Однажды — это было весной — мать собрала мне харчей на дорогу и посоветовала уйти в экономию или по-новому — в совхоз, слышала, там принимают на работу.
Так я и сделал.
Сперва был погонщиком. Две пары грузных украинских волов тянули тяжелый плуг, а я, вышагивая рядом, пощелкивал бичом в воздухе, покрикивал на них. За плугом шел пожилой дядька по имени Парамон, проработавший здесь лет сорок. Загоны были длинные, и мы еле успевали сделать до обеда два круга. Стегать волов Парамон не разрешал. «Лучше лишний раз лемеха почисть», — говорил он.
Чистить лемеха входило в мои обязанности. Пока я занимался этим, Парамон сворачивал толстую, в палец, цигарку, доставал кресало и медленно — чах, чах — добывал огонь.
Докурив, он плевал на ладони, потирал одну о другую и брался за ручки плуга.
— Цоб! Цобэ! — выкрикивал я, замахиваясь бичом.
Волы медленно трогались, тянули тяжелый двухкорпусный плуг, не переставая жевать и помахивать хвостами.

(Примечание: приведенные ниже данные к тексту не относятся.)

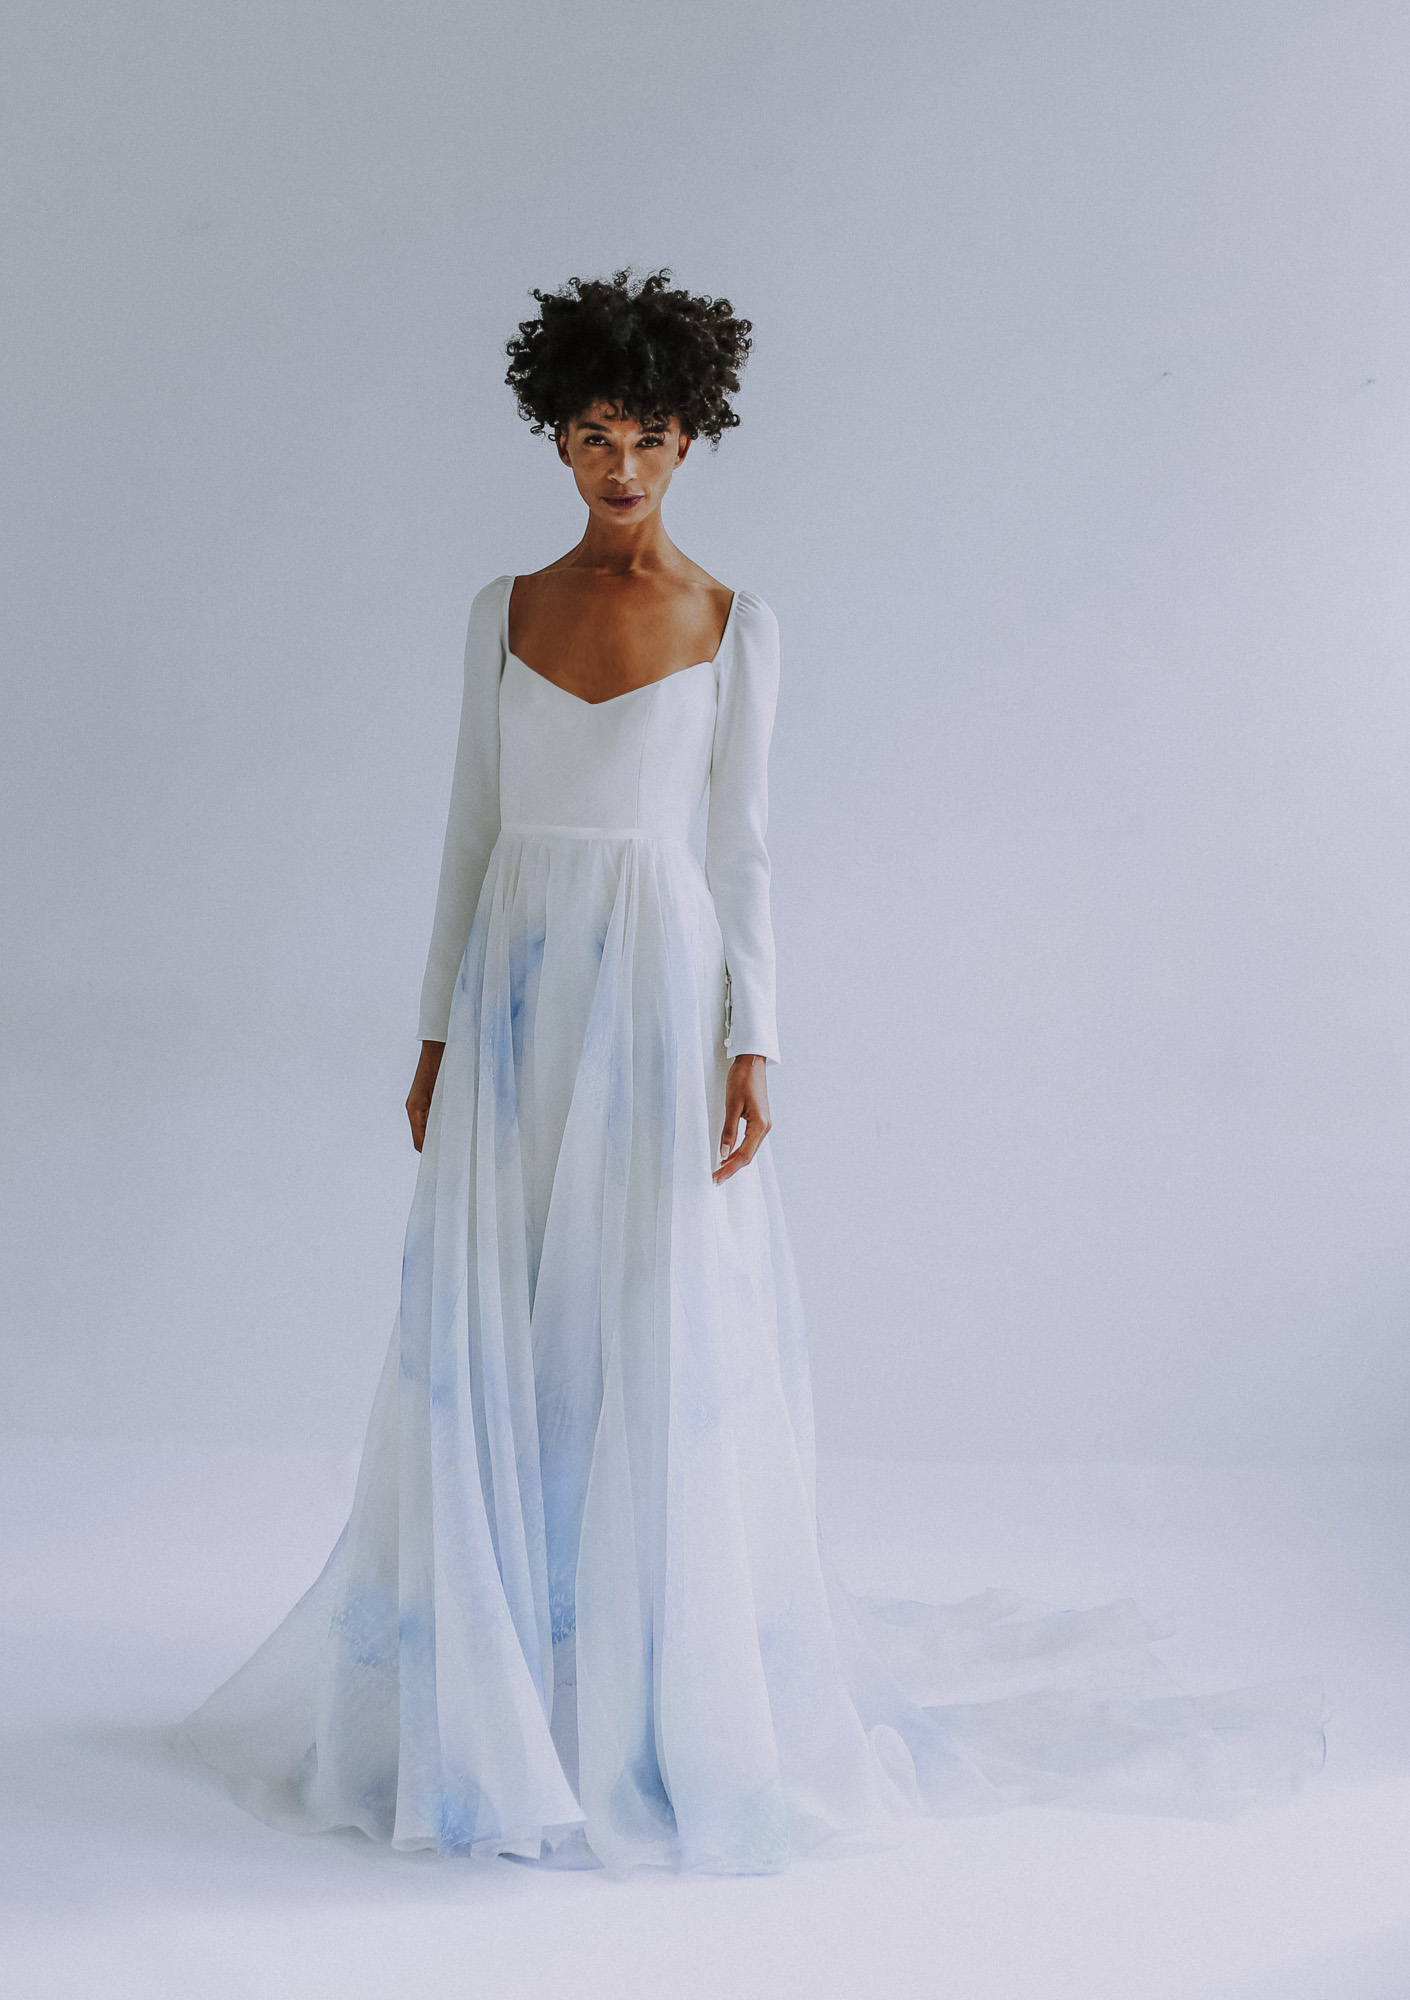 leanne-marshall-wedding-gown-11.jpg

С весны до поздней осени шагал я по полям на пару с хорошим и добрым дядькой Парамоном, который по-отцовски заботился обо мне, оберегал от всего дурного и, помню, очень боялся, чтобы я, боже упаси, не закурил. А когда я спросил, почему же он сам курит, Парамон, не ожидавший такого вопроса, долго соображал, что к чему, и, наконец, сказал:
— С малых лет на пана робыв… Жизнь прошла. Все думаю… Закурю — на душе легче.

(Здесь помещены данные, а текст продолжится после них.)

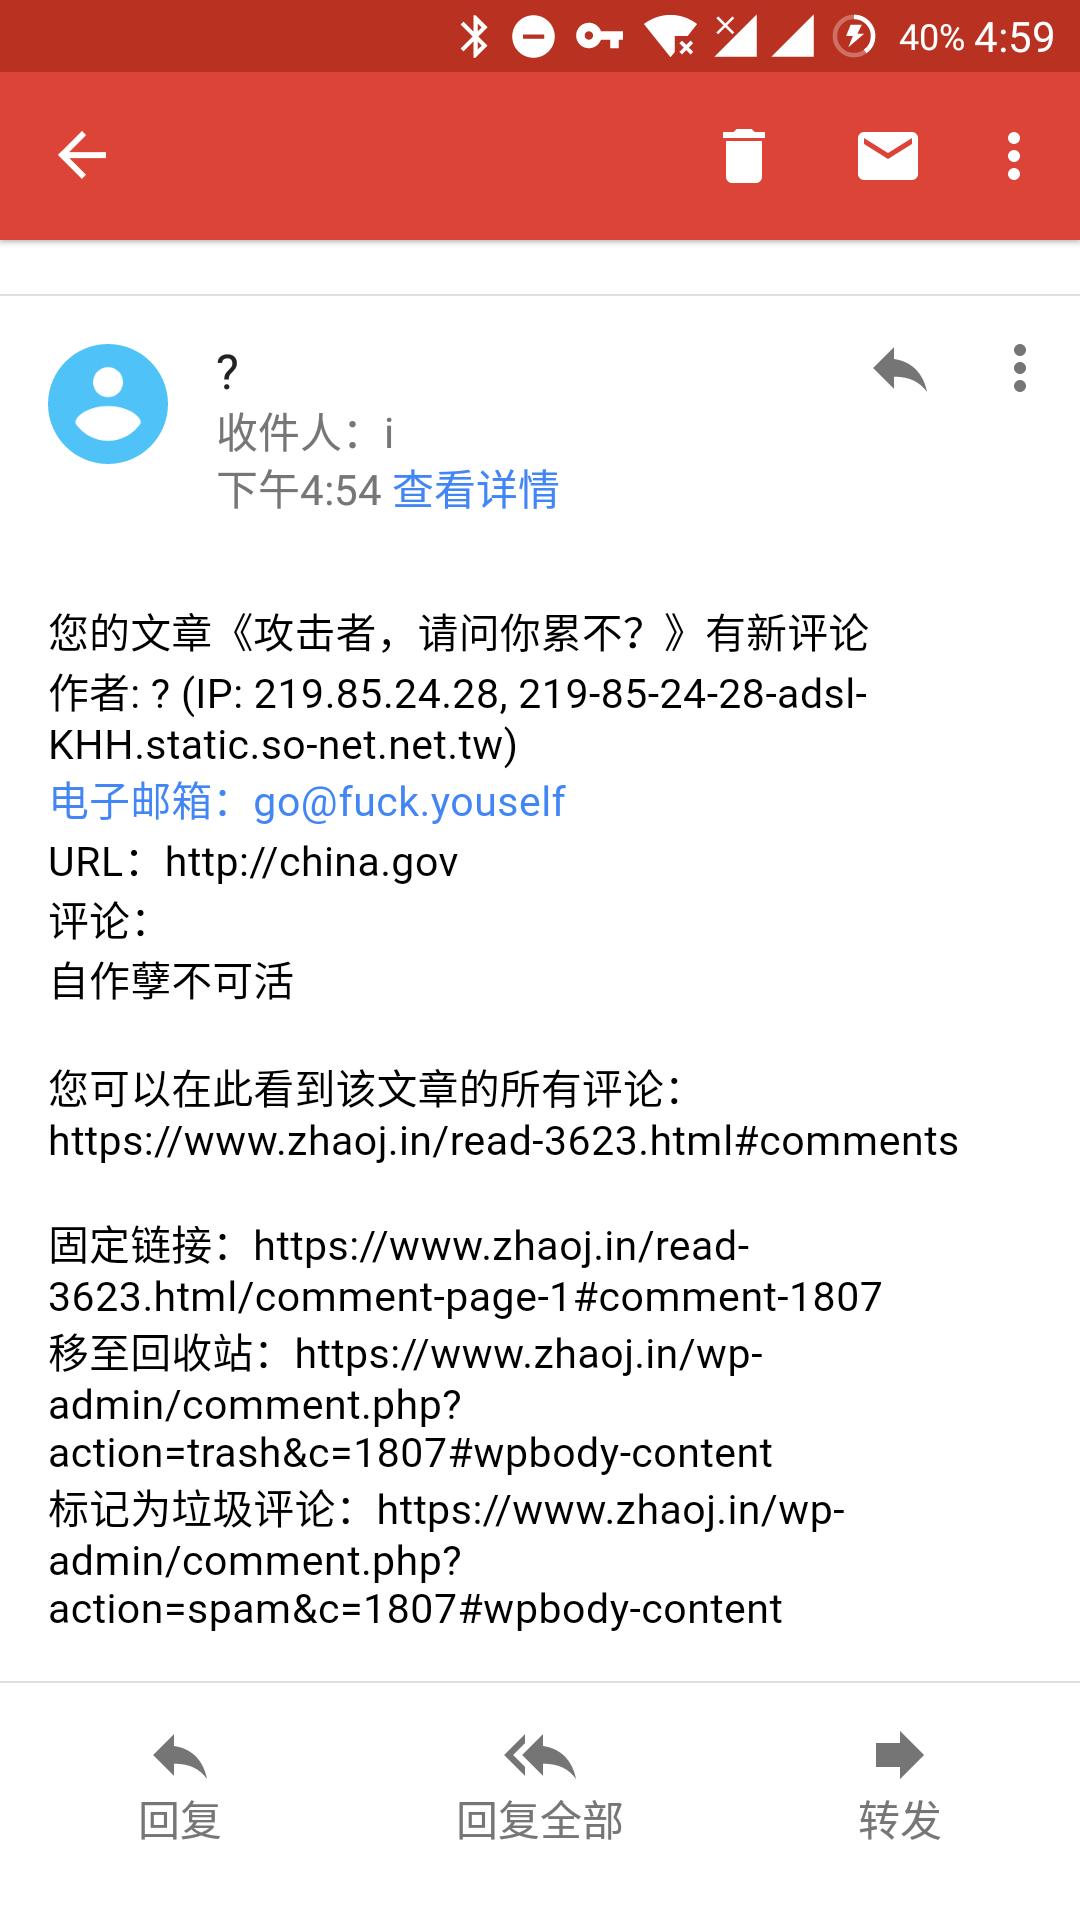 screenshot_20170102-165914

Когда закончились полевые работы и сезонники, вроде меня, начали отправляться по домам, я не стал рассчитываться, перешел на работу в кузницу — молотобойцем. Специальность кузнеца, владея которой, можно выковать что угодно, давно привлекала меня.
Но кузнецом я не стал.
Прошло, наверное, года два, когда я снова появился в Большетроице. Мать встретила меня со слезами радости. Да и как было не радоваться. Сын приехал. В люди хлопец выбился. Сам себя кормит, одевает, подарки привез!.. Я стоял перед нею в новом плаще, в ботинках с галошами и с гитарой в руках. Сразу же дали знать отцу, который ложил печь недалеко на хуторе (отец всю жизнь был печником). Он немедленно явился: как же можно не повидаться с сыном! Весь вечер говорил со мной, восхищался моим ростом, возмужалостью и в шутку даже толкнул меня, как бы пробуя, а крепок ли я в ногах.
— Весь в меня, — говорил он потом матери. — Любую работу выдержит.

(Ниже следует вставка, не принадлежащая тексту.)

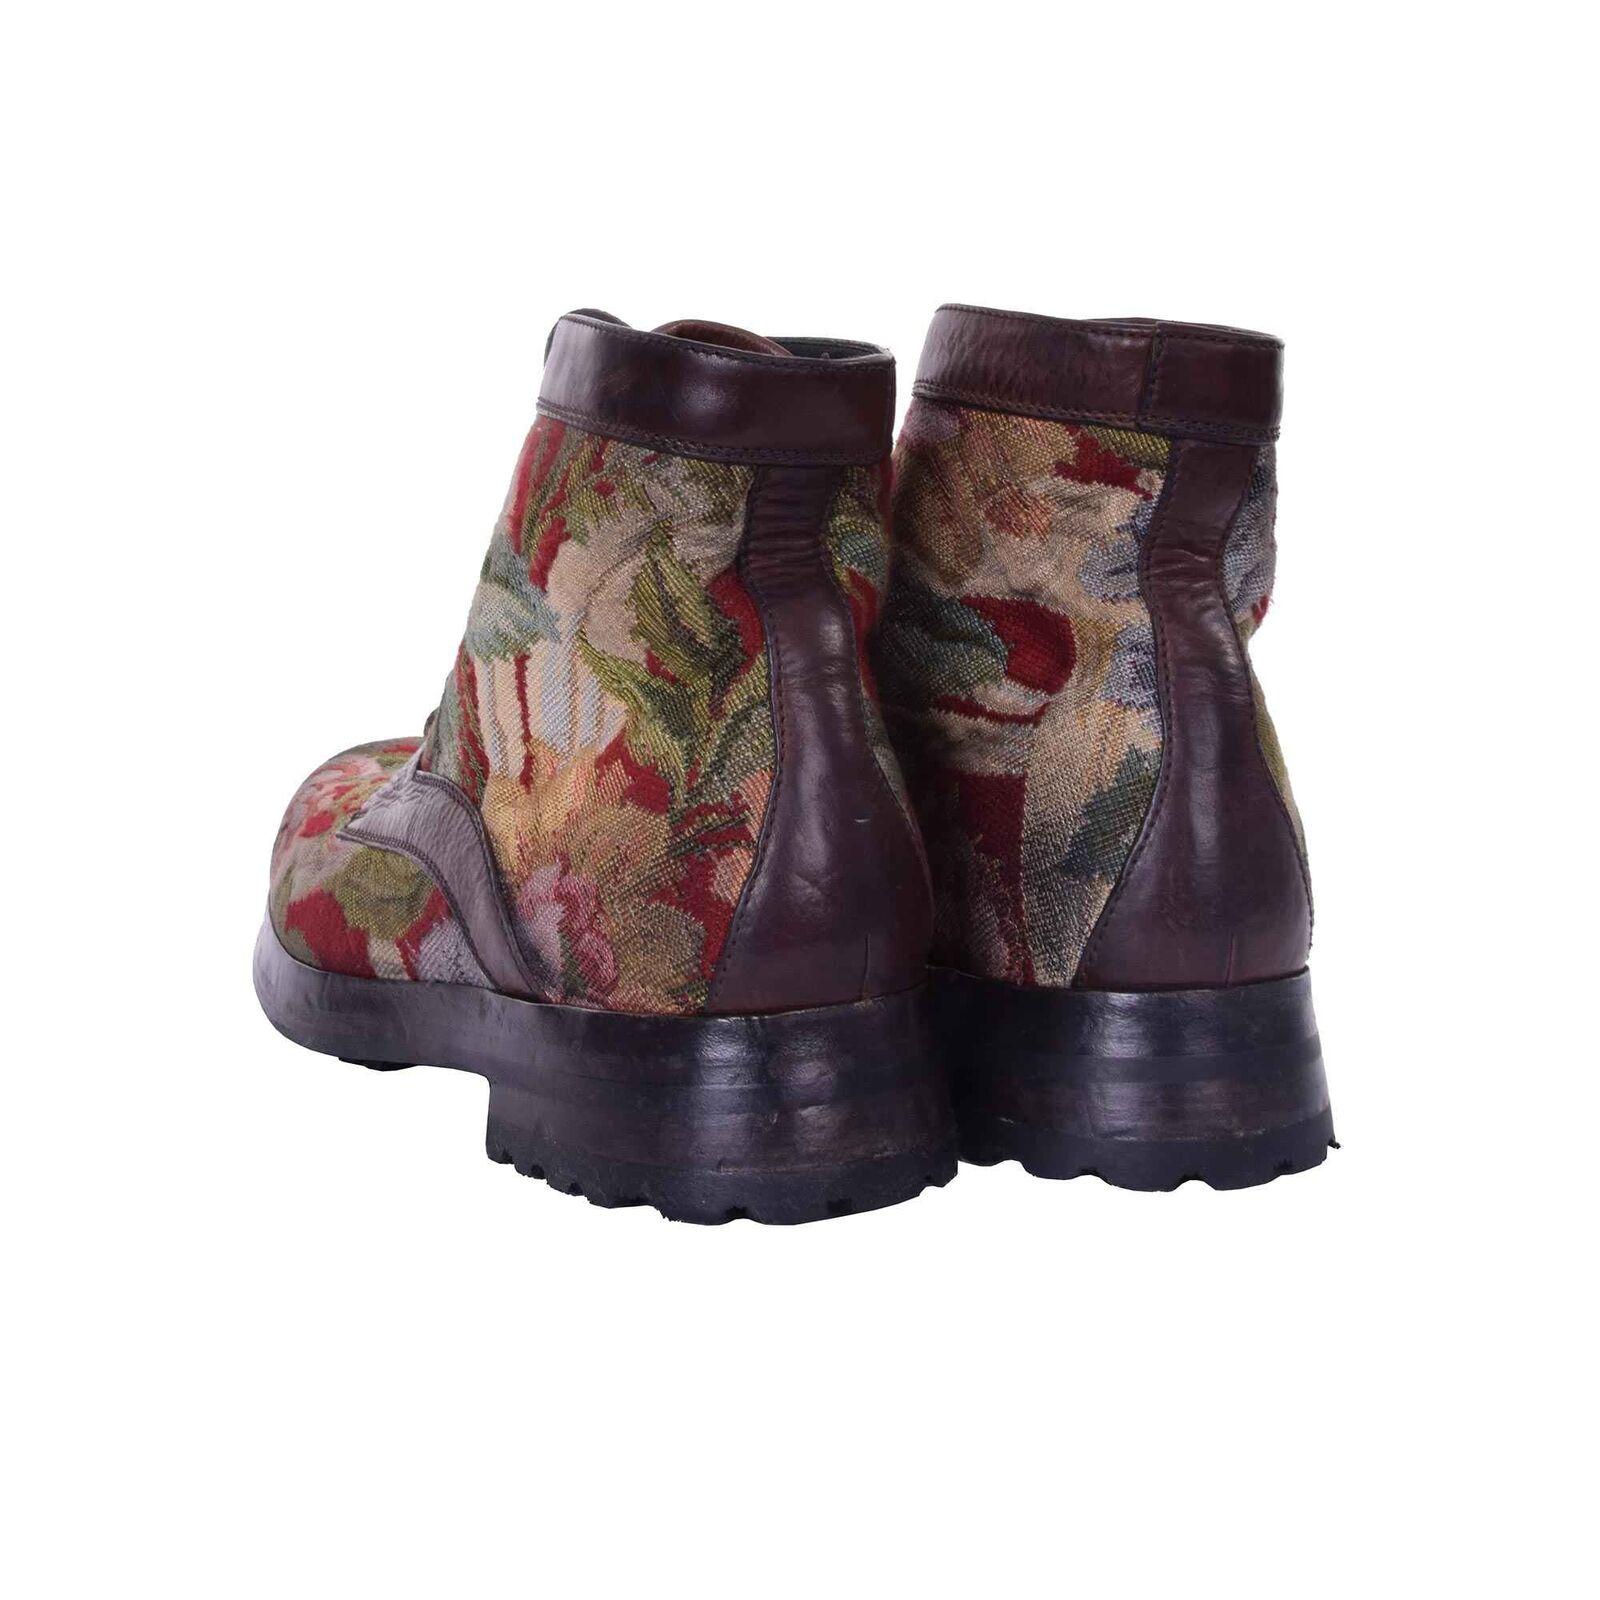 Chaussures Running Gt Course Asics De 5 Hommes Gel 2000 PqWPnxRXB

Мать не знала, куда посадить, как лучше принять сына. И сливок, и медку припасла, и даже курицу-несушку зарезала. Начались, понятно, расспросы, что да как. Но мне было не до этого: в мыслях вертелась Алевтина. Скорее бы повидаться!.. Там, в совхозе, почти не думал о ней, а здесь — заныла, затосковала душа.
На второй день, взяв гитару, я направился было к хате учителя, что стояла в конце села, но передумал. Вернулся назад. Так, сразу, пожалуй, неудобно. Прежде всего надо зайти к Ивану. Ванька, старый друг, не откажет, поддержит компанию. Вдвоем куда лучше. Причем мне и в хату заходить не придется. Иван вызовет Алевтину, и мы с ней обо всем договоримся.
Иду мимо Желтого глинища, бренчу на гитаре. Люди смотрят, улыбаются: «Как он вырос!»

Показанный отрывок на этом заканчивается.